- Born: Lisa Michelle Williams 19 June 1973 (age 52)
- Occupation: Psychic medium
- Spouse: Kevin Harris ​ ​(m. 2004, separated)​
- Children: 1

= Lisa Williams (psychic) =

British self-proclaimed psychic

Lisa Michelle Williams (born 19 June 1973) is a British self-proclaimed psychic and medium, she is also an author, known for her appearances on television in the UK and the U.S.

==Career==
Williams starred in two shows on Lifetime Television: Lisa Williams: Life Among the Dead (2006–2007) and Lisa Williams: Voices From the Other Side (2008).

Williams also appeared on Deal or No Deal when the episode aired on NBC on 31 March 2008. She also made a guest appearance in one of Lifetimes other shows, America's Psychic Challenge.

==Critical reception==
On 21 June 2019, media personality and skeptic Alistair MacLauchlan presented his review of Williams in part three of four medium investigations he conducted in Scotland. He attended one of William's mediumship events in Edinburgh. He reported that in her opening statement Williams asked how many people were there for forensics. One of the seminars the following day was on forensics, breaking down evidence supplied from spirits and extrasensory perception. According to MacLauchlan, while highly publicized missing person cases tend to attract many mediums who use it as a means of building their portfolio, most law enforcement do not acknowledge their involvement.

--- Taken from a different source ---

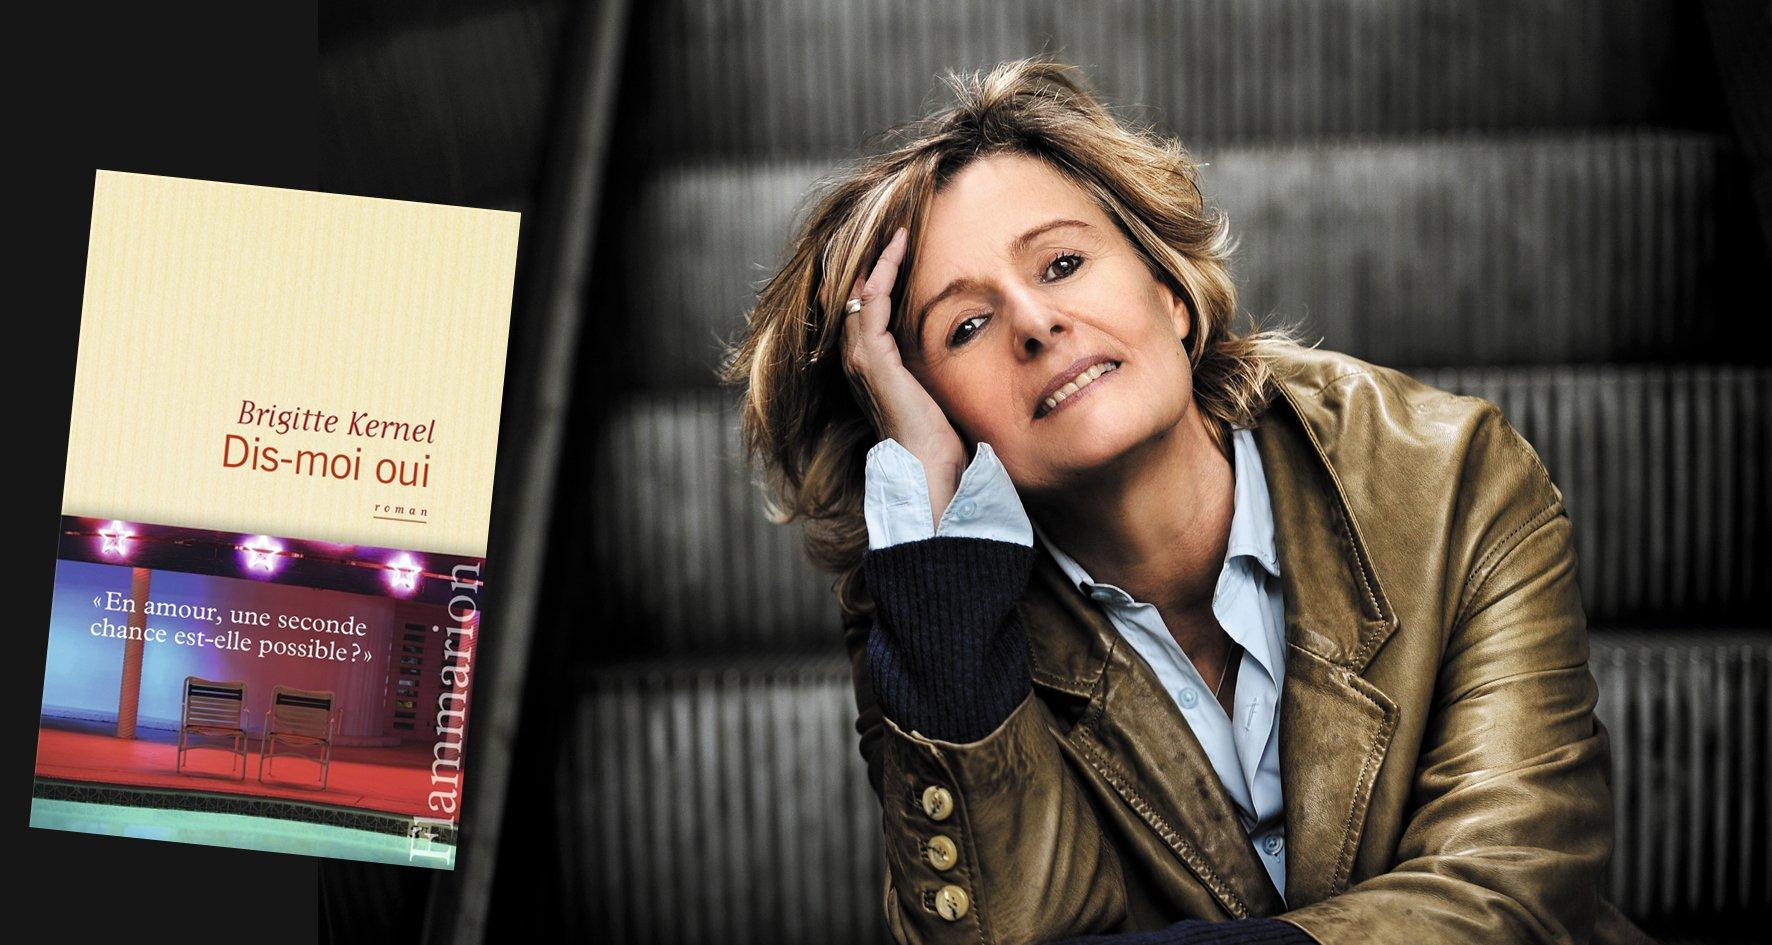 «Dis-moi oui», le nouveau roman de Brigitte Kernel sort aujourd'hui
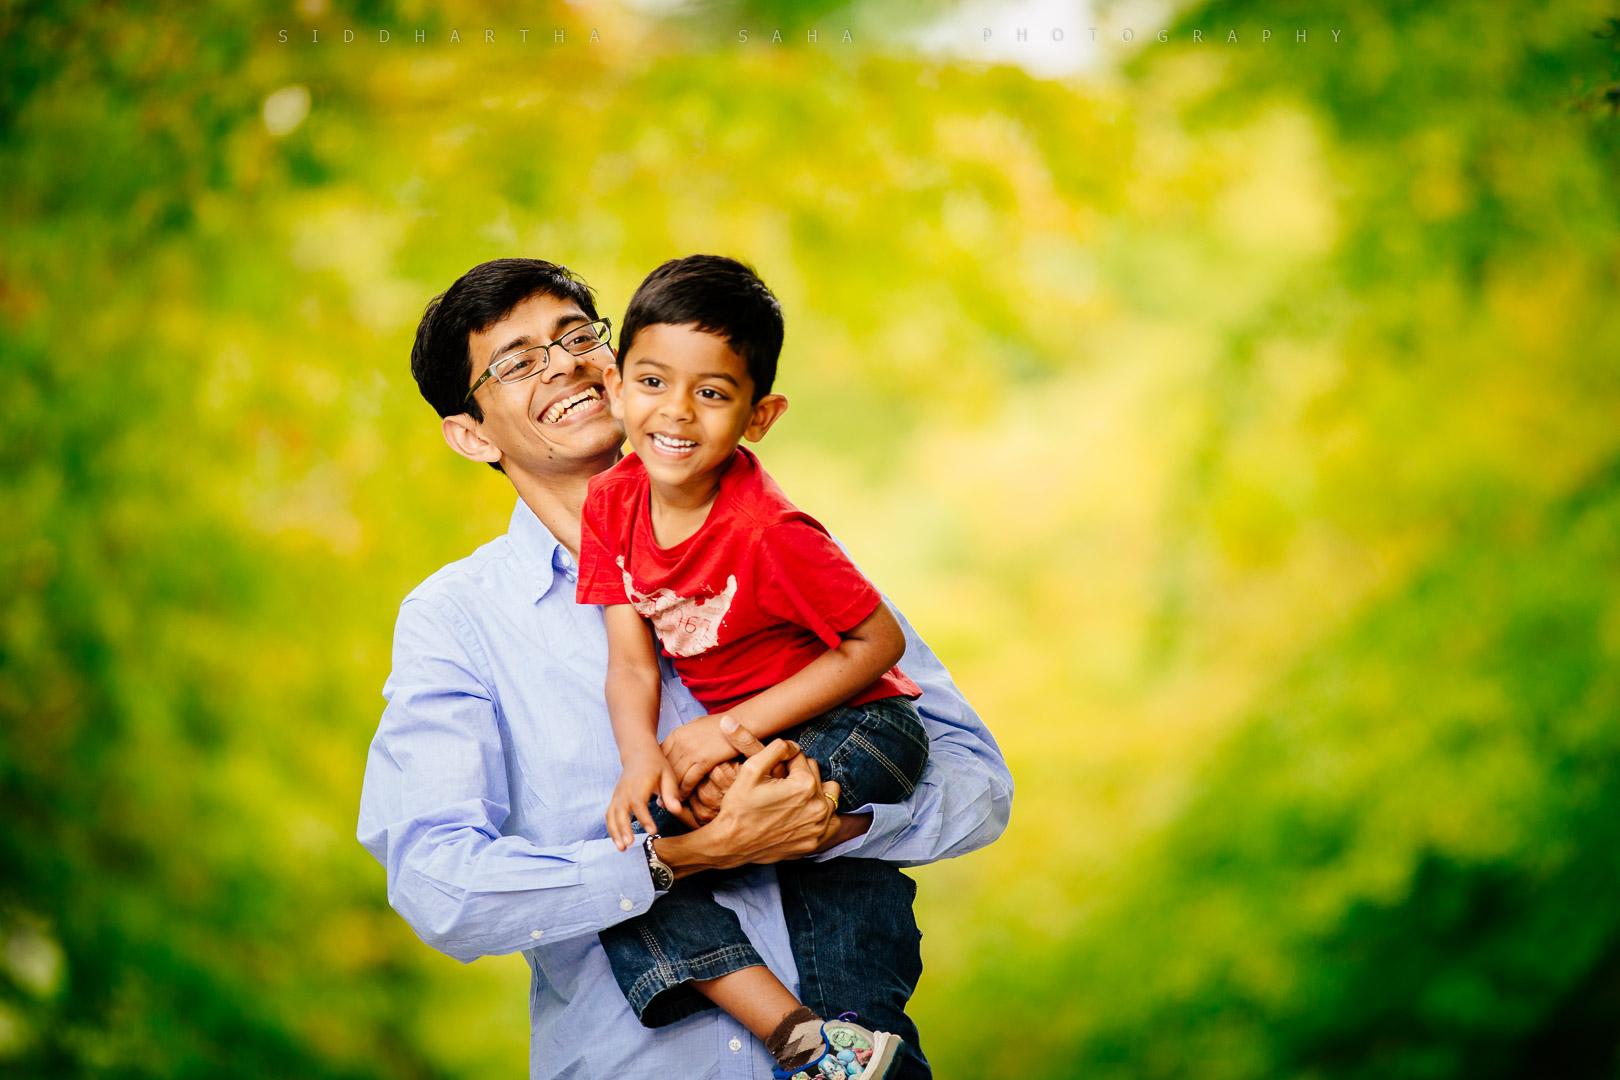 2015-08-08 - Padmaja Ketan Family Photoshoot - _05Y8846

Of her event, he says, as Williams began the discussion, she primed the audience saying they should "think outside the box" and make connections to the messages she claims to receive from the dead because they can sometimes be muddy. Further MacLauchlan then reported she went on with basic cold reading tactics even speaking to a dog that had died. MacLauchlan concluded the article saying that while Williams has good stage presence building rapport with her audience, she uses wild guesses from a primed audience, firing questions then picking through their reactions that fit her narrative.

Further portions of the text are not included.